DESCENSO AL INFIERNO
ORFEO

En la creación hay dolor, lirismo, desengaño, desesperación. Formas de


desolación congregadas en el fértil argumento de Orfeo, que nos propone uno de los
temas básicos de la ficción romántica: la búsqueda del amor perdido más allá de la
vida. Pero el personaje que realiza esa búsqueda no es un ser cualquiera: es un artista,
un hechicero de las fuerzas naturales. Lo que está en juego en su itinerario hacia el
mundo infernal no es únicamente la búsqueda de la mujer amada, sino la
recuperación de la inspiración creativa. Orfeo como artista no puede mirar atrás.

LA SANGRE DEL POETA

Poeta y cantor, Orfeo vive la trágica muerte de su esposa Eurídice, mordida por
una serpiente. Desesperado, el héroe decide descender al mundo de los muertos —el
Averno— para intentar rescatarla. Atraviesa la laguna Estigia y se presenta delante de
la reina Perséfone y el soberano de las sombras, Hades. Por medio de su canto pide
una nueva vida para Eurídice. Conmovidos por el arte órfico de la seducción estética,
los señores de las tinieblas le conceden lo que pide, pero con una condición: no puede
mirar a su esposa, que le seguirá hasta haber abandonado el valle del Averno.
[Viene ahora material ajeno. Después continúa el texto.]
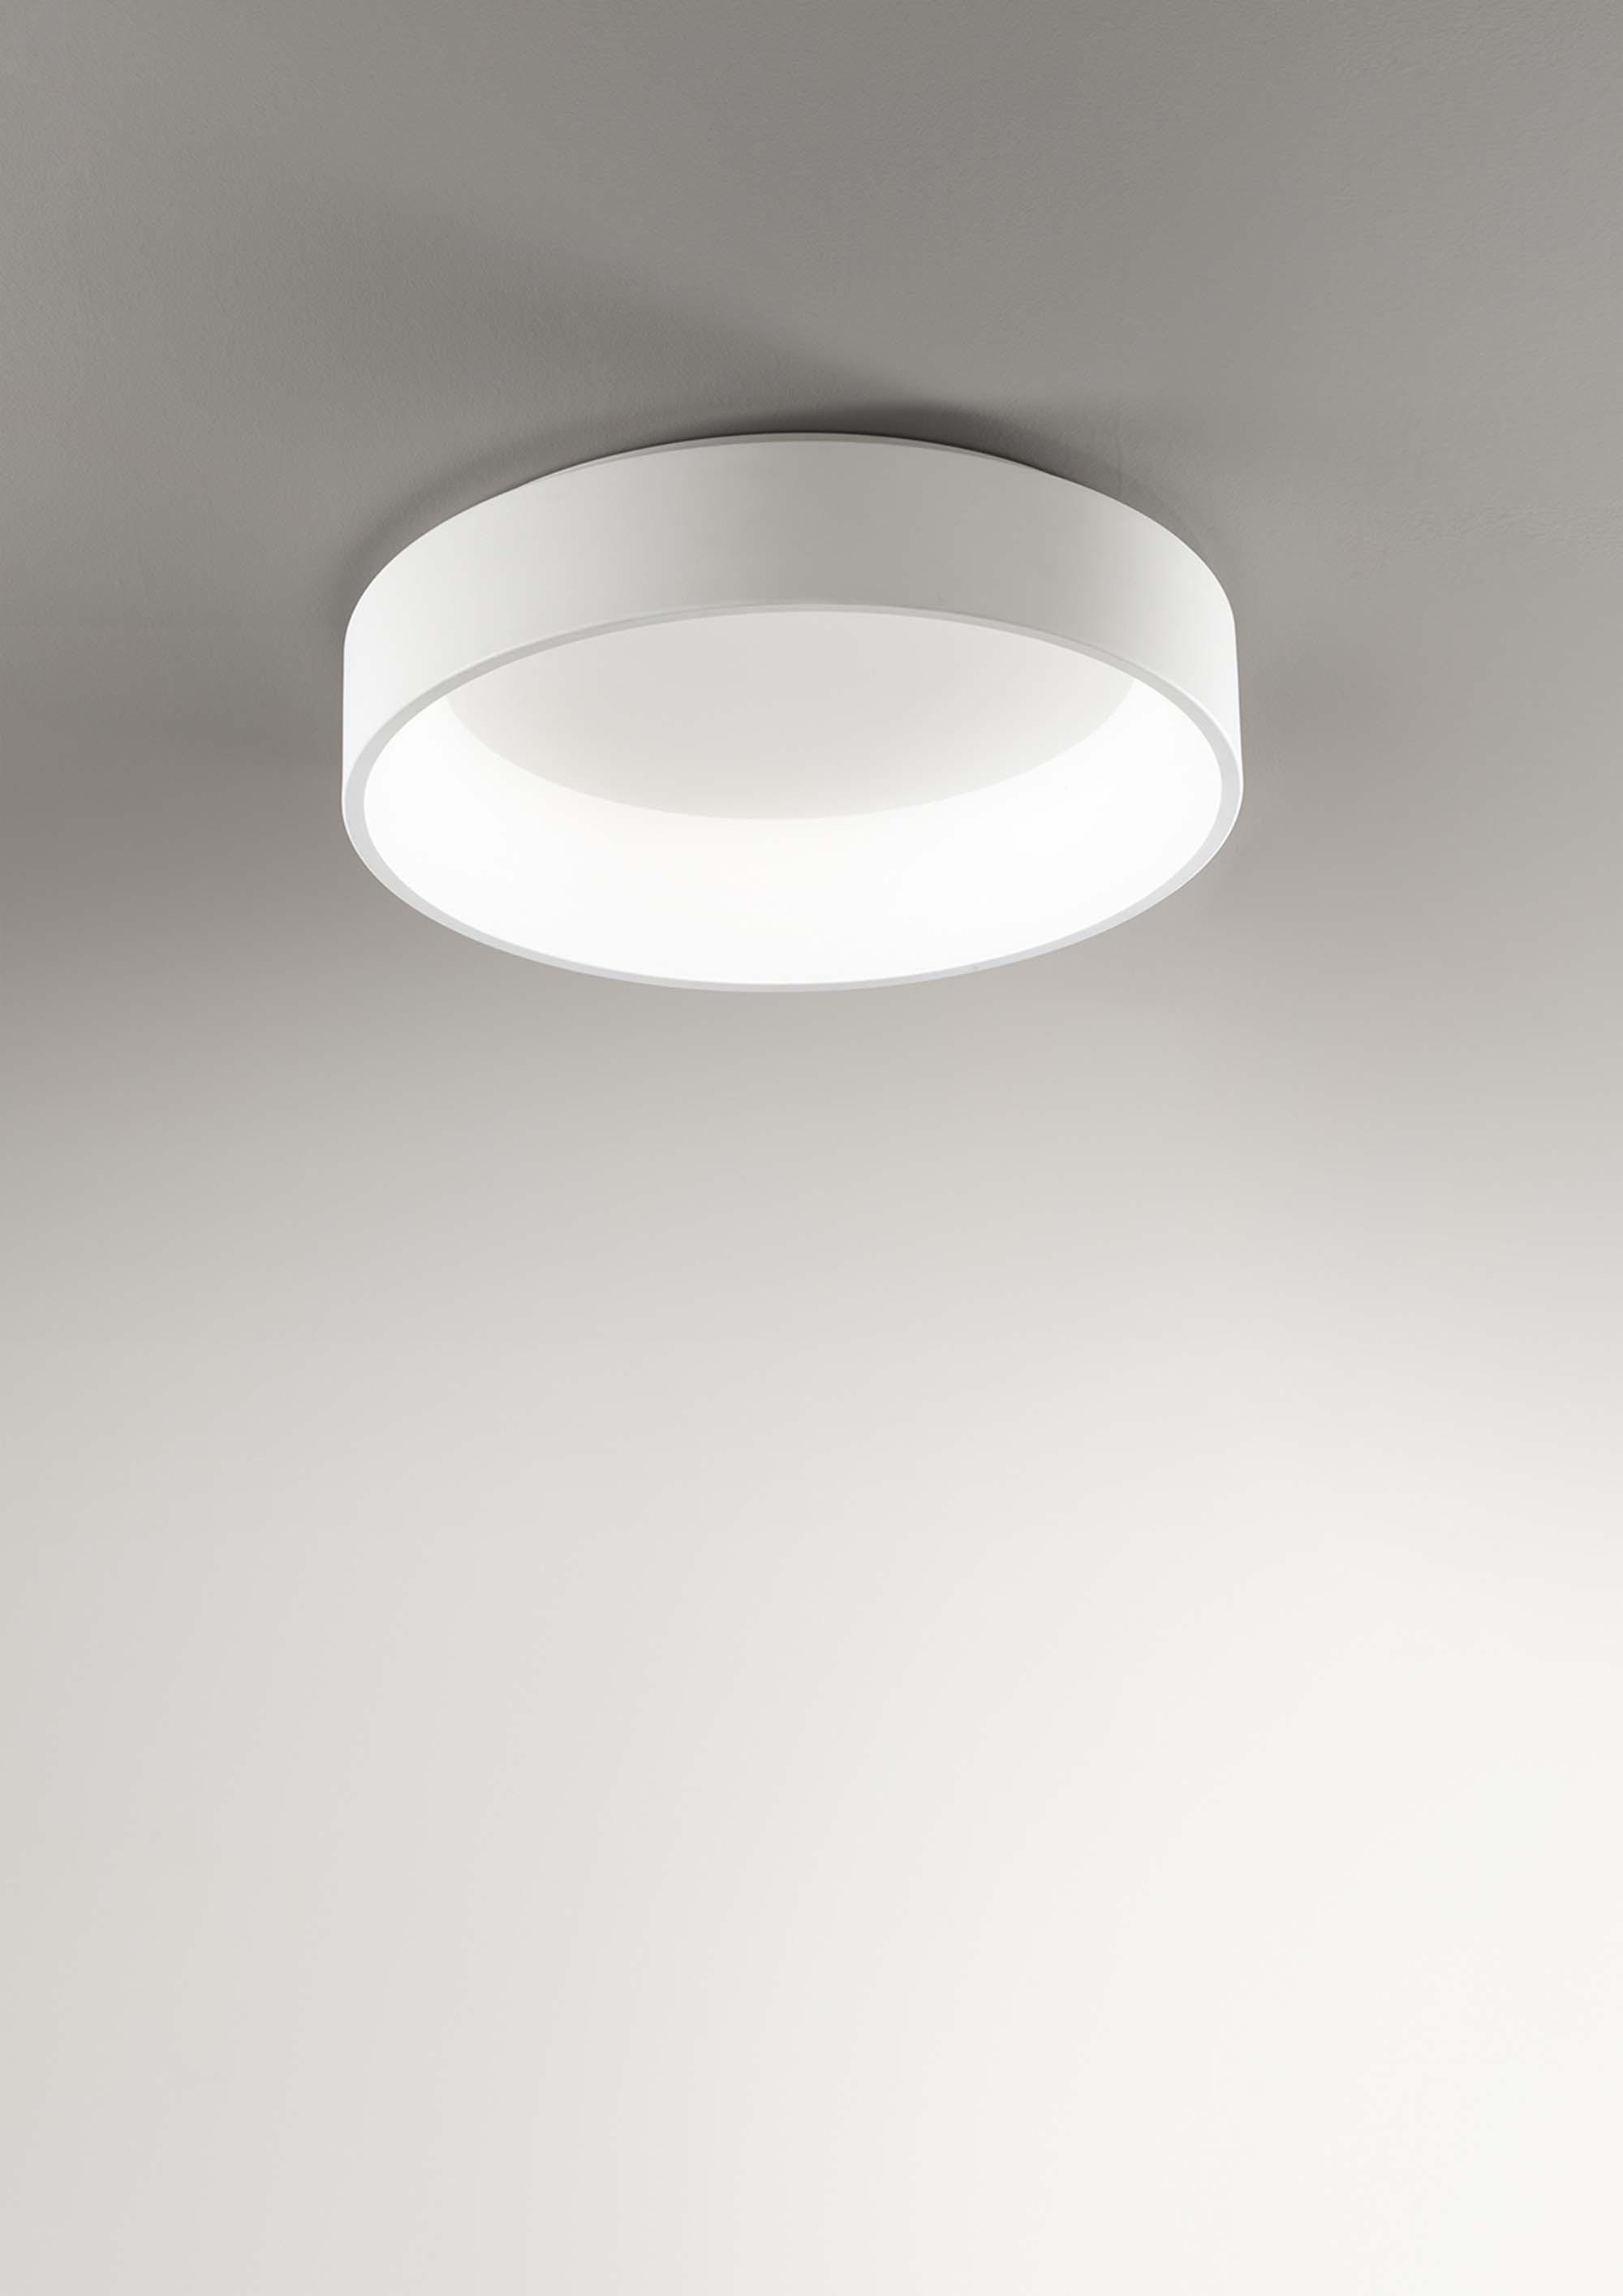 Modern led ceiling lamp 33w design affra 2072 Band diodi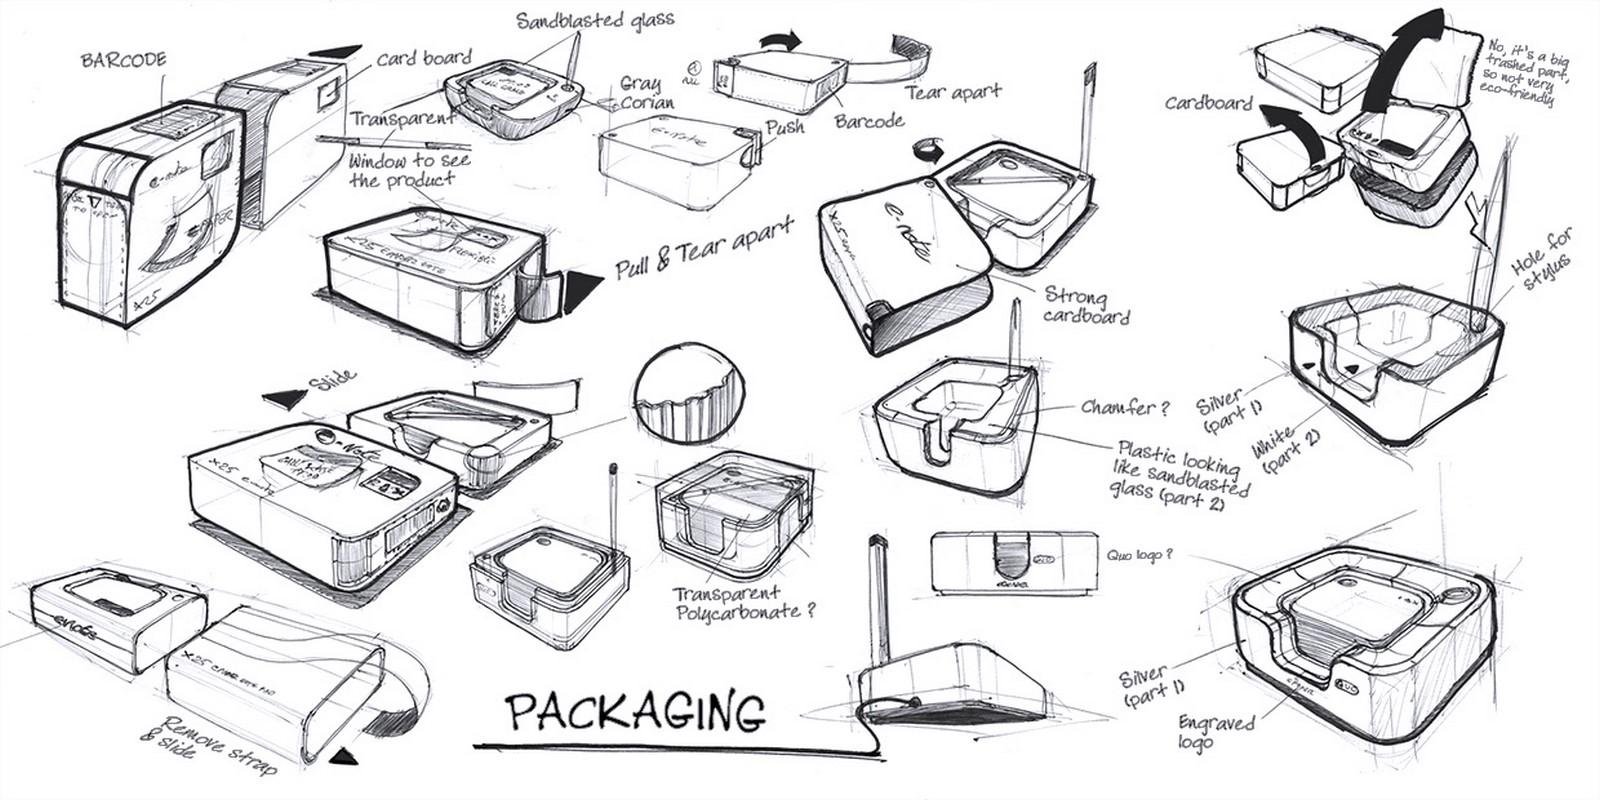 Sequoia-studio- 10 Iconic Products - Sheet7

Orfeo
incumplirá el mandato: temeroso de que Eurídice no le siga, mirará hacia atrás y
descubrirá, con horror, que la mujer regresa al reino de las sombras. Orfeo se
desespera ante esta segunda muerte de Eurídice e intenta volver a buscarla: Caronte,
el barquero de la laguna que da entrada a la isla de los muertos, se lo impide. El poeta
se sienta en la orilla y permanece allí, prisionero del dolor de amor. Al cabo de siete
días desesperados se retira e inicia una vida errática en la que rechaza cualquier
contacto con las mujeres. Muchas de ellas desean unirse a él y se quejan de ser
rechazadas. Algún tiempo después las Ménades lo descubren, le atacan furiosamente,
lo matan y lo descuartizan. La sombra de Orfeo baja a las profundidades de la tierra y
allí se reencuentra con Eurídice. Ahora puede mirarla sin temor a perderla.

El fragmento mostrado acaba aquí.